会议时间:2021 年 12 月 26 日, 8:50-16:40
腾讯会议 ID: 653-700-966
Antichain generating polynomials of posets
Abstract: This talk aims to introduce the conjectures made by Jian Ding and me in the draft posted as arXiv:1905.06692. We will focus on the antichain generating polynomials of [k] \timesQ, where Q is a connected minuscule poset classified by Proctor in 1984. The properties that we care about such polynomials include being gamma-positive,log-concave, palindromic and real-rooted.

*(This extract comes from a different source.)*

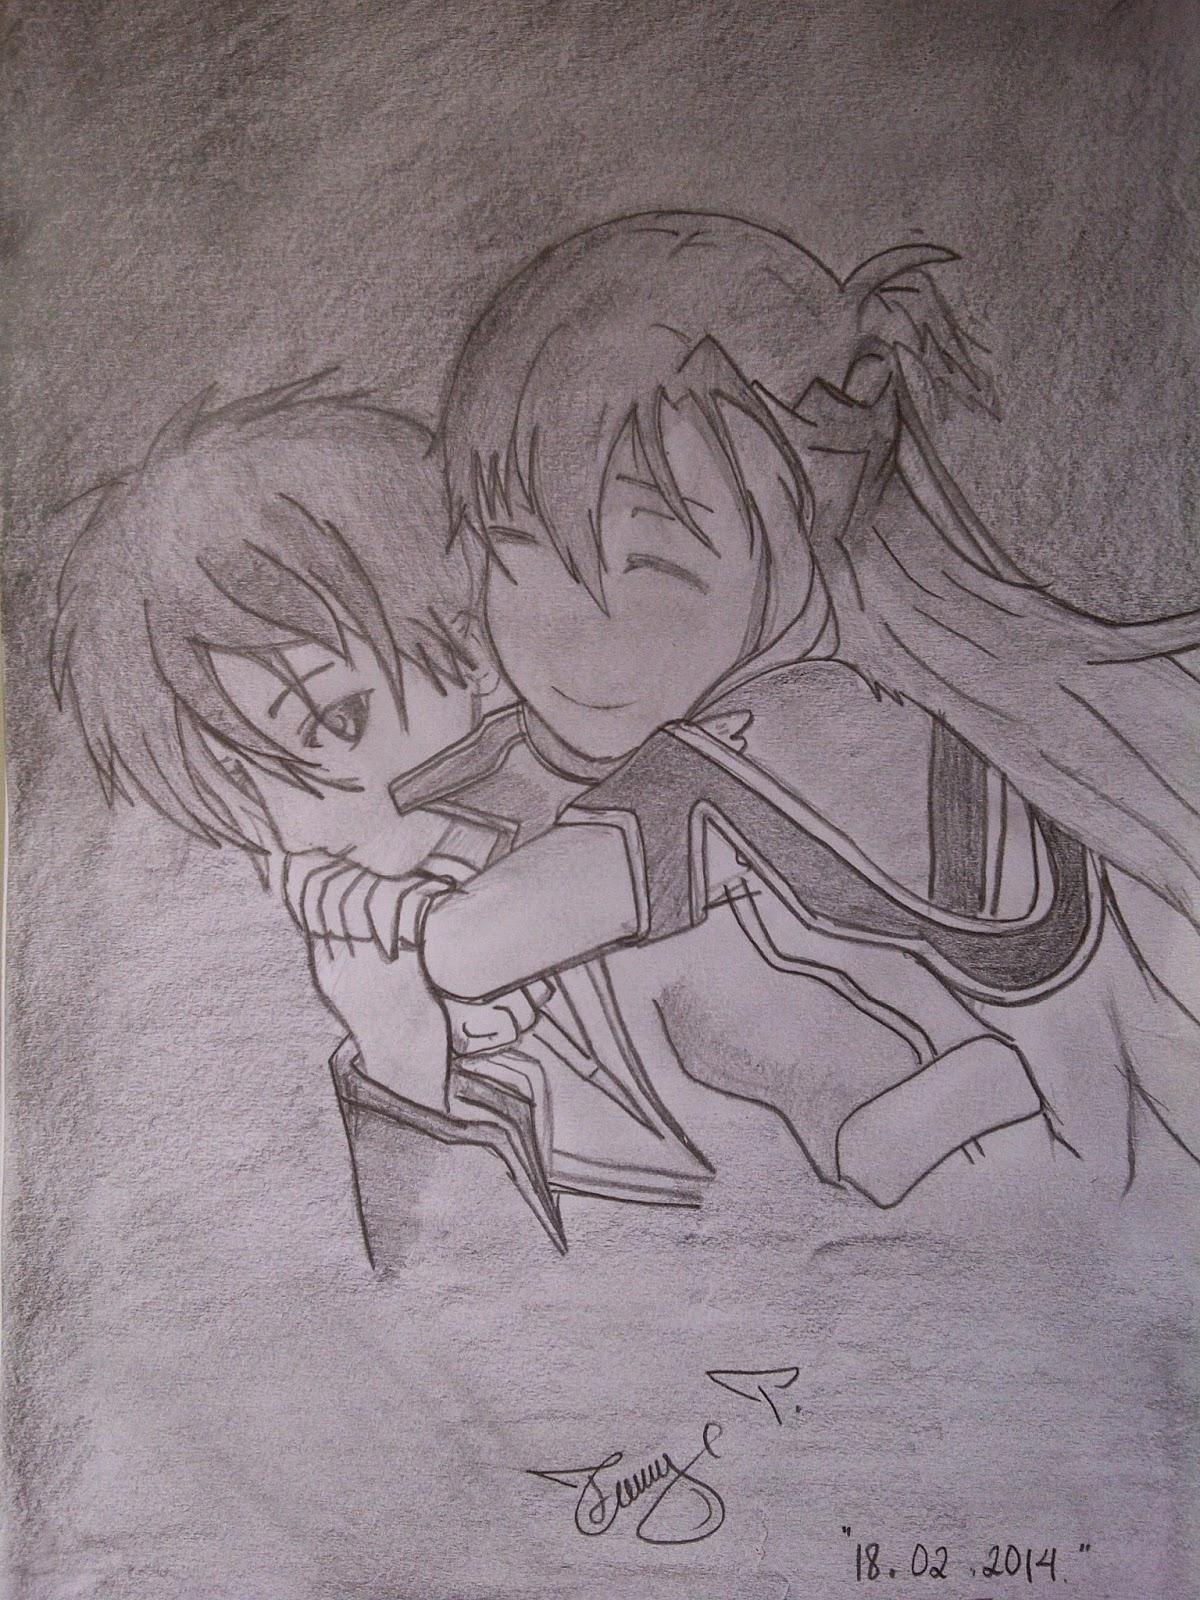 Itu lah sedikit gambar lukisan pensil anime dari saya

gama-positivity of some combinatorial polynomials
Context-free grammars and unimodality
Abstract: In this talk, we give a short survey on the recent study of combinatorial structures by using context-free grammars. We shall discuss several refinements of Eulerian polynomials and second-order Eulerian polynomials. In particular, we discuss some unimodal polynomials.

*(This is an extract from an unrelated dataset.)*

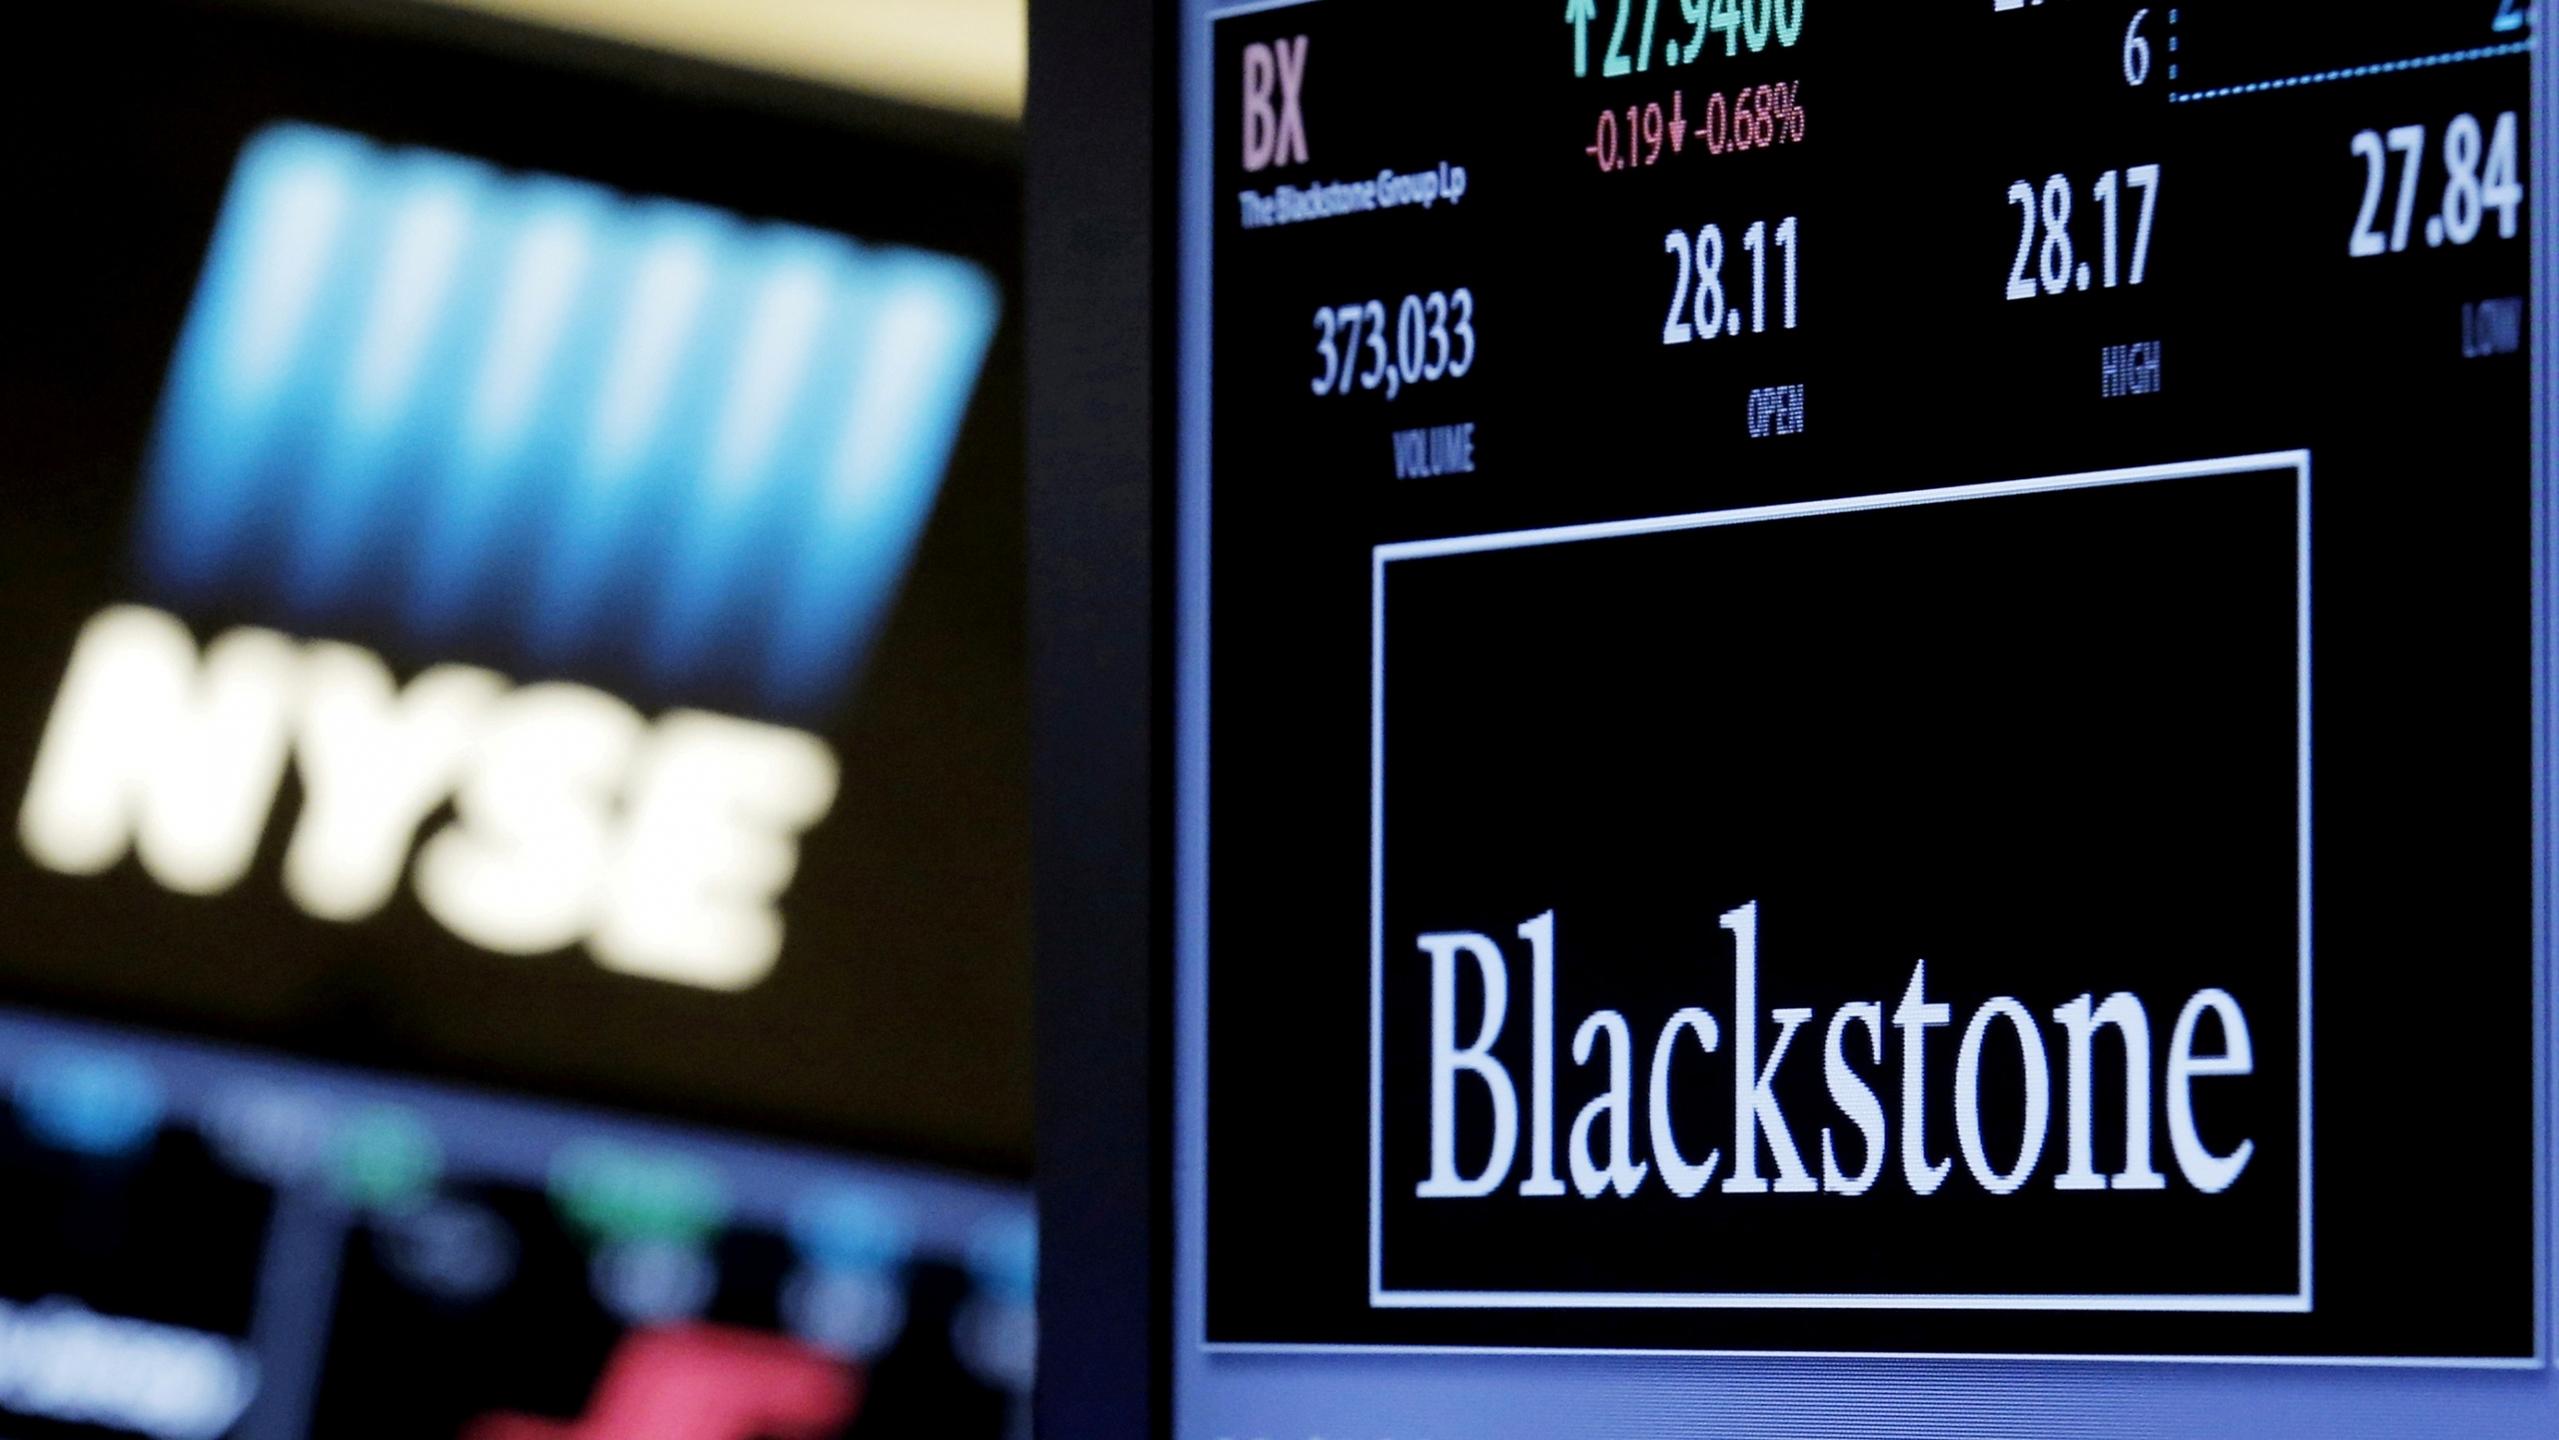 Blackstone entra a México y recauda 695 mdd de Afores

Recent progress on the e-positivity of trees
Abstract: Motivated by Stanley and Stembridge’s 3+1 conjecture on the e-positivity of chromatic symmetric functions of certain graphs, and by Dahlberg, She, and van Willigenburg’s conjecture on the e-positivity of certain trees, we present in this talk the disordered phenomenon on the e-positivity of spider graphs of 3 legs.
Analytic aspects of graph polynomials
Abstract: Graph polynomials play an important role in the study of graph theory. In this talk, we discuss certain analytic properties of graph polynomials, with emphasis on the unimodality, log-concavity of coefficients and location of roots.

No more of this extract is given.